Rural Groundswell NZ protestors are gearing up to drive their tractors and utes through the region today and protest the “unworkable regulations” imposed on farmers.
The protesters plan to make their way through Featherston at around 10am, through to Greytown at 10.40am, Carterton at 11am, and finally congregate and stop for lunch at the Horseshoe car park in Masterton from 12–12.45pm today.
Similar to last year’s protest – The Groundswell Tractor March was organised across New Zealand off the back of government-proposed farm emissions pricing.
Initially founded by two southern farmers – Byrce Mckenzie and Laurie Paterson – Groundswell is now supported by a team of volunteers and rural professionals.
Groundswell NZ co-founder Mckenzie told the Times-Age that a number of agriculture regulations put in place by the government “are not practical and farmers can’t comply with some of them”.
“We just want them to be practical so that people can comply, rather than just being pipe dreams,” he said.
While McKenzie acknowledged that there is a need for some regulation of agriculture, he is confident that there are alternatives through their Groundswell solutions – which will be announced at a get-together “burning policy day” in Auckland this Saturday.
“It’s burning the policies that are unworkable.”
According to McKenzie – what led him to establish Groundswell NZ in 2020 was his concern for younger generations and the battles they face farming “under unworkable regulations,” with the agriculture methane emissions tax being one of his main concerns for rural NZ.

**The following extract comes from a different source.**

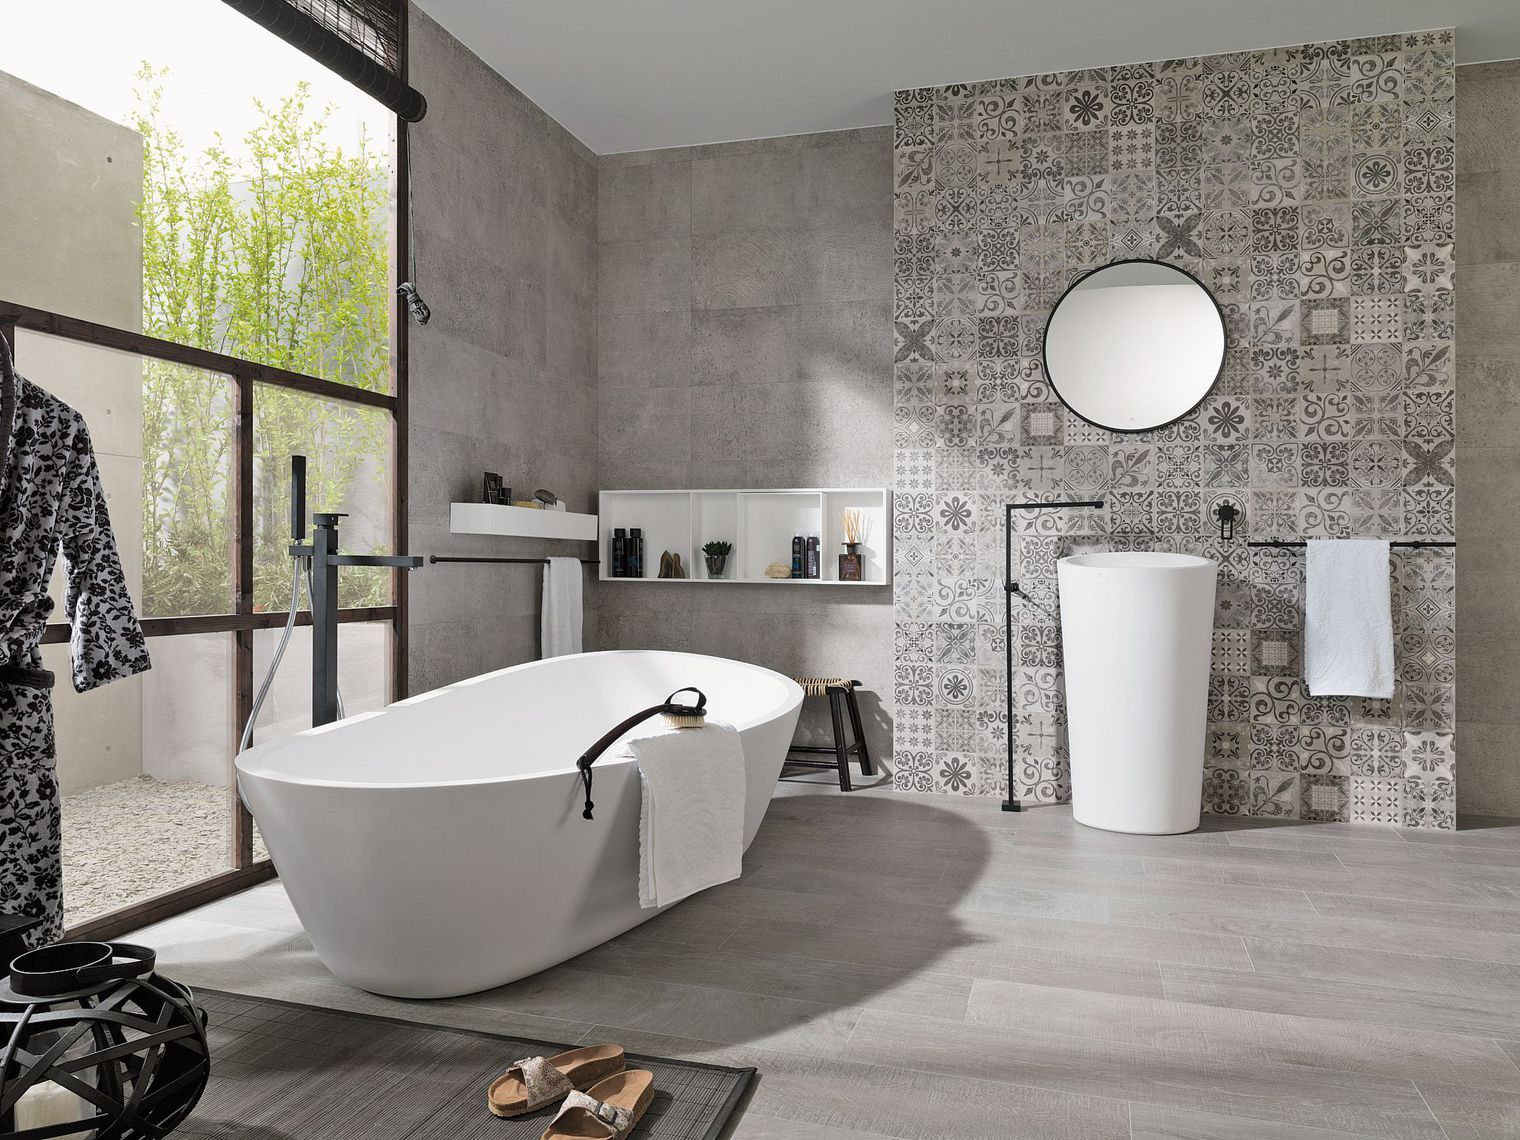 salle bain avec carrelage noir tag vvcom hexagonal motif. Black Bedroom Furniture Sets. Home Design Ideas

“Until there’s real science used to actually determine the warming effect of methane, we will stand firmly against it,” McKenzie said.
Groundswell’s marches in the past have reflected positive changes, Mckenzie said, in particular the government’s changes to the National Policy Statement for Freshwater Management following their 2021 protest.
“They certainly listened and we know that because Agriculture Minister Damien O’Connor was very quick to contact us and tell us that,” Mckenzie said.
Although it’s the first time McKenzie has attended Groundswell’s March in Masterton, he said he has heard from other attendees that there have been good turnouts
of protestors in the past.
McKenzie said he is unsure how many protestors will convoy through the region today, due to weather and farmers’ availability.
“The march was designed to be user-friendly for farmers to be able to join in for a little while,” McKenzie said.
Meanwhile, Wellington Acting District Commander Wade Jennings said police are aware of several groups planning protest activity, including a march to Parliament grounds tomorrow.
“We have been planning for these events, particularly taking into account managing movement of a large number of people and vehicles,” Jennings said.
“Police acknowledge the right to protest, and our role is to ensure the safety of all as well as upholding the law.
Police have been in contact with organisers of various groups and have “set clear expectations for peaceful and lawful activity.”